中国工場への初回発注で大量注文してはいけない理由|小ロット検証の進め方

サンプルが良くても量産能力は別問題
初めて取引する中国工場が非常に良いサンプルを作ったとしても、それだけで大量発注の安全性が確認できたとは限りません。サンプル1台は熟練者が時間を掛けて製作できますが、100台、500台となると材料ロット、作業者、設備、外注工程など管理対象が増えます。
初回取引で確認したい能力
- 見積回答の正確性
- 図面理解
- サンプル修正能力
- 約束した工程の進捗報告
- 量産品質の均一性
- 不良発生時の対応
- 梱包品質
- 輸出書類への対応
これらは工場見学だけでは完全に判断できず、実際の取引を通じて確認する部分があります。
段階的に数量を増やす
可能であればサンプル、初期ロット、本量産のように段階を分けます。
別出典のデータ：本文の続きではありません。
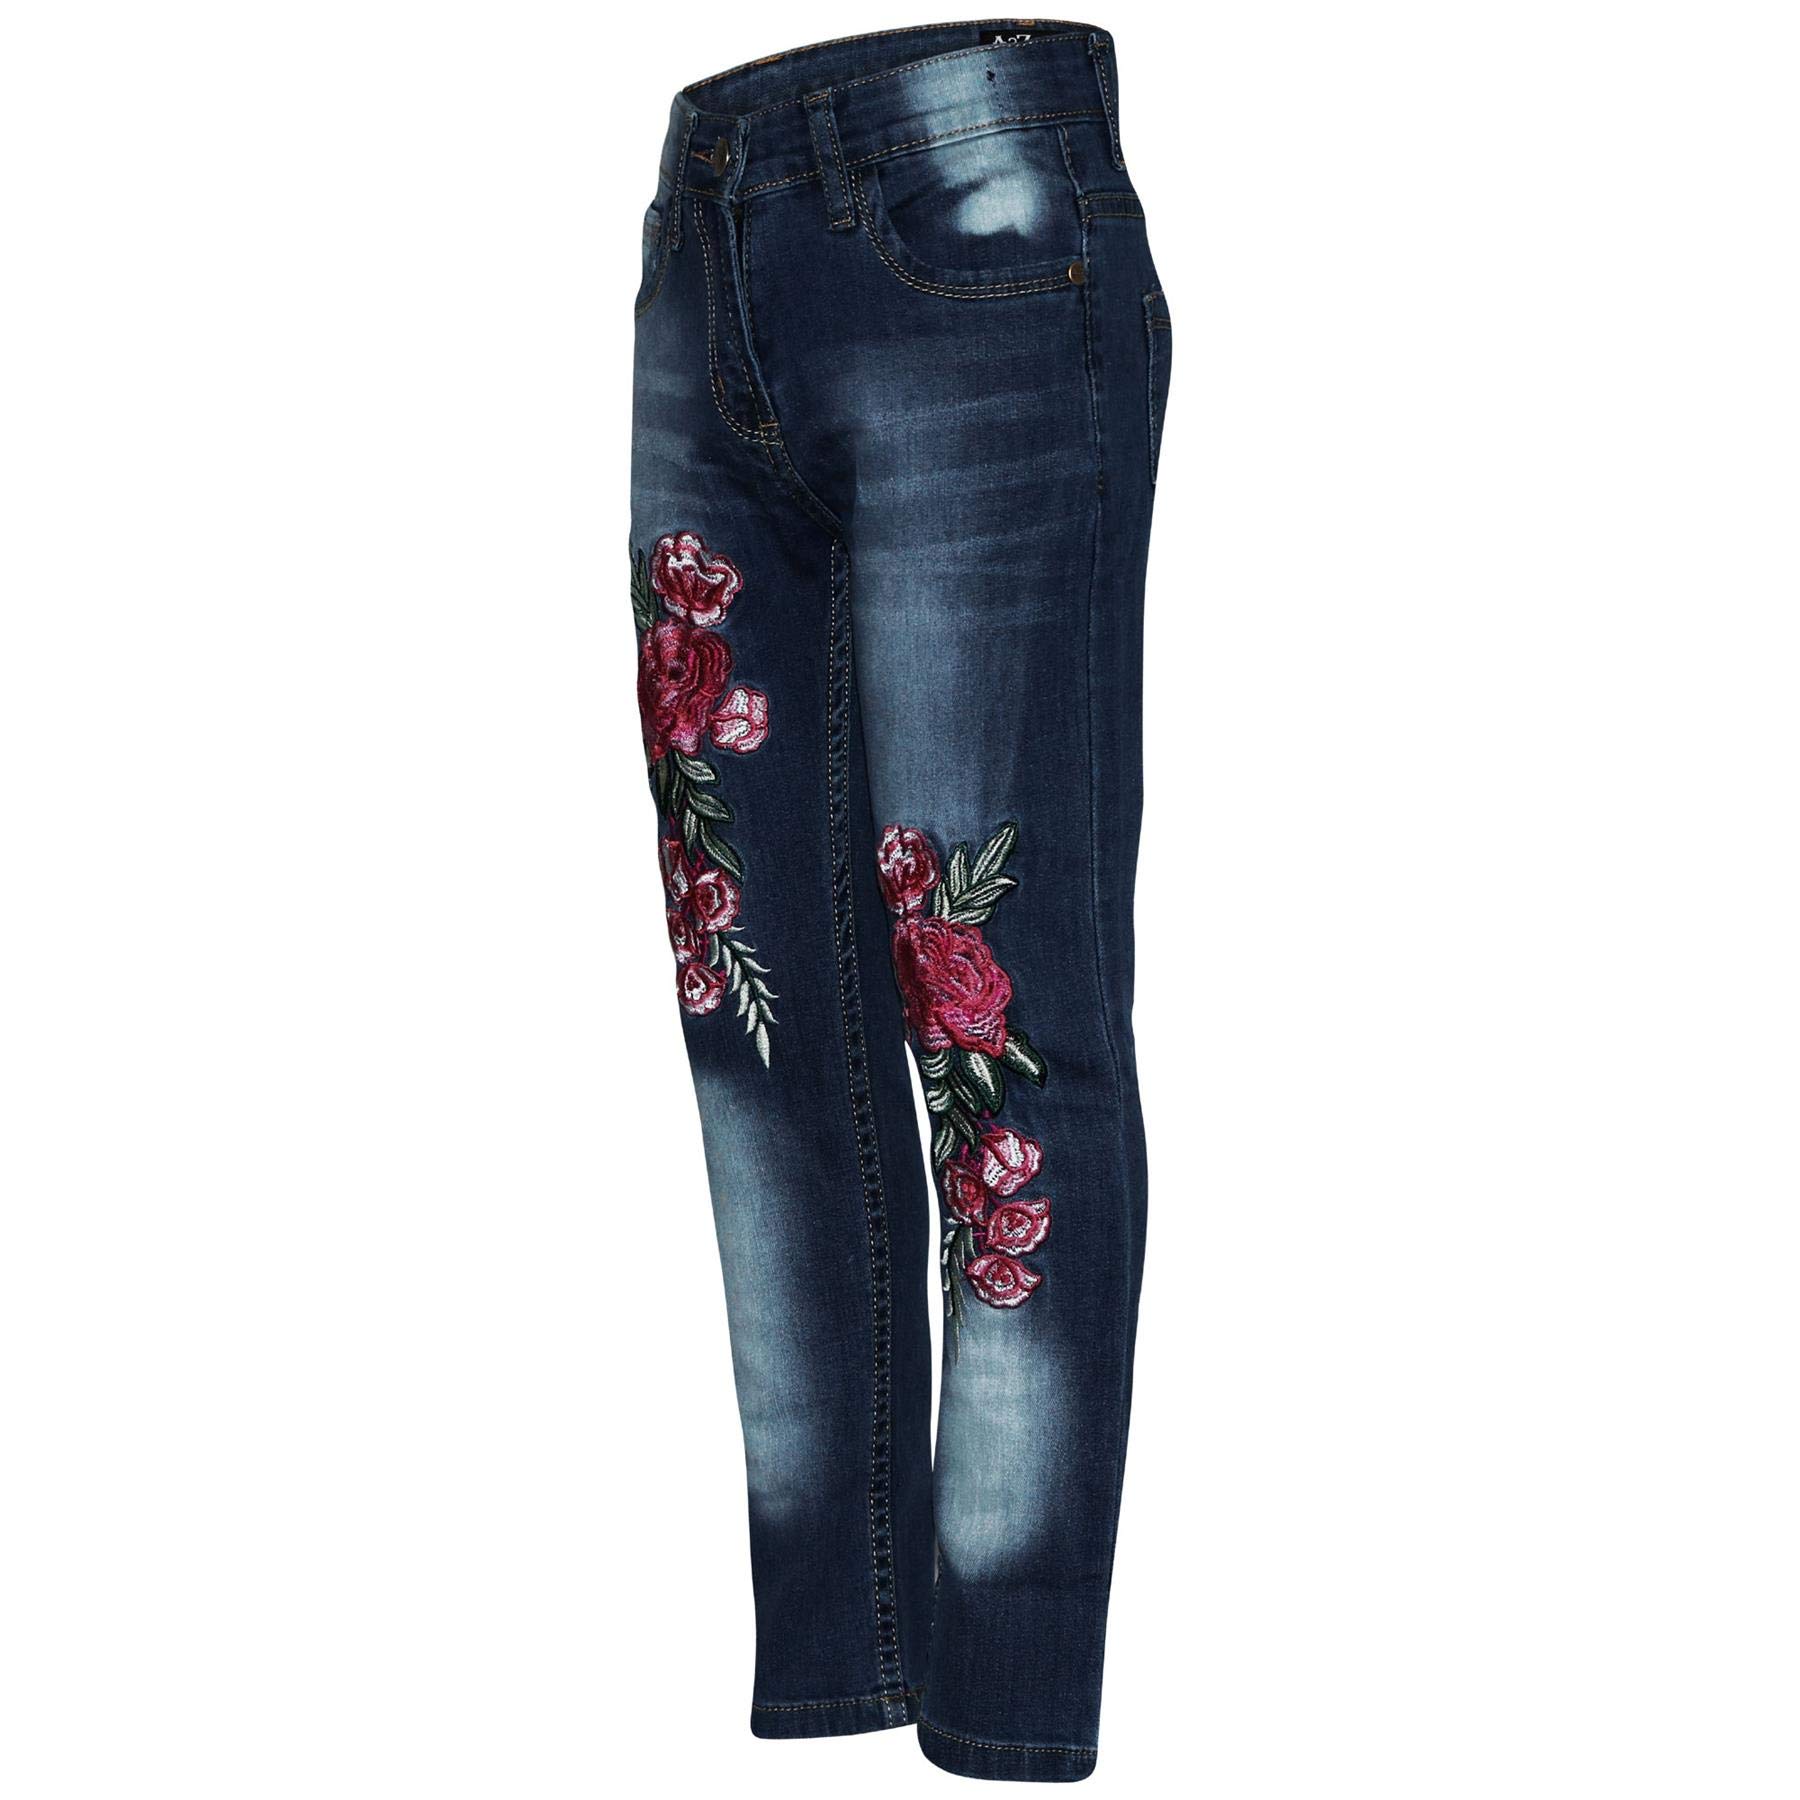 A2Z Kids Girls Stretchy Jeans Designer Rose Embroidered Denim Pants Trousers Jegging

初期ロットで寸法ばらつきや仕上げ問題を確認し、改善してから残りの数量へ反映します。ただしMOQや製造工程によって分割が非効率になる場合もあるため、工場と相談します。
初期量産品を止めて確認する
量産開始後、最初の数台を確認せず全数量を一気に完成させると、設定ミスや図面誤読が全品へ広がる可能性があります。重要なオリジナル製品ではFirst Articleに相当する初品確認を設ける方法が有効です。
価格差より失敗時の損失を見る
大量注文すれば単価が下がる場合があります。しかし初回から数量を増やして品質問題が発生すると、再製作、廃棄、国際運賃、開業遅延などの損失が単価差を大きく上回る可能性があります。
複数店舗案件では一店舗目を検証に使う
チェーン展開の場合、最初の店舗で製品仕様、梱包、施工性を検証し、問題を修正して次店舗へ標準化する方法があります。一店舗目から全店舗分を完成させると、現場で判明した改善点を後続品へ反映できません。
工場の対応姿勢も評価する
不良がゼロかどうかだけで工場を評価するのではなく、問題発生時に原因を調べ、再発防止策を実行できるかを見ることが重要です。製造では一定の問題が発生し得るため、隠す工場より改善できる工場の方が長期取引に適しています。
初回注文で残す記録
サンプル修正履歴、量産不良、納期実績、梱包破損、日本側補修内容などを記録します。次回発注時には同じ問題を繰り返さないための品質条件として活用できます。
実務チェックポイント
- 初回は可能な範囲で数量リスクを抑える
- サンプルと量産能力を分けて評価する
- 量産初期品を確認する
- 問題点を次ロットへ反映する
- 不良対応能力を評価する
- 初回取引結果を記録する
- 継続発注前に工場評価を更新する
初回発注は商品を買うだけでなく、その工場が長期的な製造パートナーになれるかを検証する機会です。単価を下げるためだけに数量を増やすより、最初の取引で品質と管理能力を確認する方が長期的な調達安定につながります。